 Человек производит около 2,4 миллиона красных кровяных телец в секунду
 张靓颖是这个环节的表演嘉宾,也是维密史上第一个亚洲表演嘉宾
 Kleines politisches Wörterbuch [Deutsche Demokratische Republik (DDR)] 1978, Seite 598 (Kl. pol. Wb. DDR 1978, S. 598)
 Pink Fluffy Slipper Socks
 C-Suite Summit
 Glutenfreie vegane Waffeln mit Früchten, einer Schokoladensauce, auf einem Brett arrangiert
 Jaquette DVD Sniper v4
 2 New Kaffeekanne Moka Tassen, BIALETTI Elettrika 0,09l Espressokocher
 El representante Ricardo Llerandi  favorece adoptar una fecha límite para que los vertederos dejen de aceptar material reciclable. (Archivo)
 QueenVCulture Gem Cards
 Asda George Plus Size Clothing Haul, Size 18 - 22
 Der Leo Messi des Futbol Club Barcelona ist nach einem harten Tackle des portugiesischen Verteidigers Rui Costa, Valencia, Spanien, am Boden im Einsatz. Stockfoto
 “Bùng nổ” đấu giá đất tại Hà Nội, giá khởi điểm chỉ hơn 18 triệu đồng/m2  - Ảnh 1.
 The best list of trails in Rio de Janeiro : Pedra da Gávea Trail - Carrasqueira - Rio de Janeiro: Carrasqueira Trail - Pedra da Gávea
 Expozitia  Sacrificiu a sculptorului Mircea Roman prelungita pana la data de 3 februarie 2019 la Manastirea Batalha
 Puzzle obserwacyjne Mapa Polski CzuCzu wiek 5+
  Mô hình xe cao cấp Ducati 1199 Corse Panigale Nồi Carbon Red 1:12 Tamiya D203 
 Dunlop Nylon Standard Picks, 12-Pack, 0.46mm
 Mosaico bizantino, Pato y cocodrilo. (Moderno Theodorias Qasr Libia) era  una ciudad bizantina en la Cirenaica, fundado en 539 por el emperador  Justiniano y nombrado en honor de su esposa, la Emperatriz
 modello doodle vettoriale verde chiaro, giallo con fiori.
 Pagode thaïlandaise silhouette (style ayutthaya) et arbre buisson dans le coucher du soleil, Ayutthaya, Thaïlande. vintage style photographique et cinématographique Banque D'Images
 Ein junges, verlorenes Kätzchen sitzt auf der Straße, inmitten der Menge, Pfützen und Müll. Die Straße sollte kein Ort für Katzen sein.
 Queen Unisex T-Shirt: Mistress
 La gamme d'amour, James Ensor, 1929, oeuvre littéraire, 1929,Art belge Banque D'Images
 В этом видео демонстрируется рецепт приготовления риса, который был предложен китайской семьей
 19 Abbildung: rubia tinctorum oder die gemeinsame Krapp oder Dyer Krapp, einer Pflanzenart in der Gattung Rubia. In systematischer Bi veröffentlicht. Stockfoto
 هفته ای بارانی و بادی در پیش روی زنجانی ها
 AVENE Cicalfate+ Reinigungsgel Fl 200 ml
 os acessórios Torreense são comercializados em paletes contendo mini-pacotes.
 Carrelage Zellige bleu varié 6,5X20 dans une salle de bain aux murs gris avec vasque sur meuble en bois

Task requirements:
A verbatim transcription is needed of the lines above, starting at the line with "张靓颖是这个环节的表演嘉宾,也是维密史上第一个亚洲表演嘉宾" and ending at the line with "modello doodle vettoriale", both included, and of nothing else.

Output:
 张靓颖是这个环节的表演嘉宾,也是维密史上第一个亚洲表演嘉宾
 Kleines politisches Wörterbuch [Deutsche Demokratische Republik (DDR)] 1978, Seite 598 (Kl. pol. Wb. DDR 1978, S. 598)
 Pink Fluffy Slipper Socks
 C-Suite Summit
 Glutenfreie vegane Waffeln mit Früchten, einer Schokoladensauce, auf einem Brett arrangiert
 Jaquette DVD Sniper v4
 2 New Kaffeekanne Moka Tassen, BIALETTI Elettrika 0,09l Espressokocher
 El representante Ricardo Llerandi  favorece adoptar una fecha límite para que los vertederos dejen de aceptar material reciclable. (Archivo)
 QueenVCulture Gem Cards
 Asda George Plus Size Clothing Haul, Size 18 - 22
 Der Leo Messi des Futbol Club Barcelona ist nach einem harten Tackle des portugiesischen Verteidigers Rui Costa, Valencia, Spanien, am Boden im Einsatz. Stockfoto
 “Bùng nổ” đấu giá đất tại Hà Nội, giá khởi điểm chỉ hơn 18 triệu đồng/m2  - Ảnh 1.
 The best list of trails in Rio de Janeiro : Pedra da Gávea Trail - Carrasqueira - Rio de Janeiro: Carrasqueira Trail - Pedra da Gávea
 Expozitia  Sacrificiu a sculptorului Mircea Roman prelungita pana la data de 3 februarie 2019 la Manastirea Batalha
 Puzzle obserwacyjne Mapa Polski CzuCzu wiek 5+
  Mô hình xe cao cấp Ducati 1199 Corse Panigale Nồi Carbon Red 1:12 Tamiya D203 
 Dunlop Nylon Standard Picks, 12-Pack, 0.46mm
 Mosaico bizantino, Pato y cocodrilo. (Moderno Theodorias Qasr Libia) era  una ciudad bizantina en la Cirenaica, fundado en 539 por el emperador  Justiniano y nombrado en honor de su esposa, la Emperatriz
 modello doodle vettoriale verde chiaro, giallo con fiori.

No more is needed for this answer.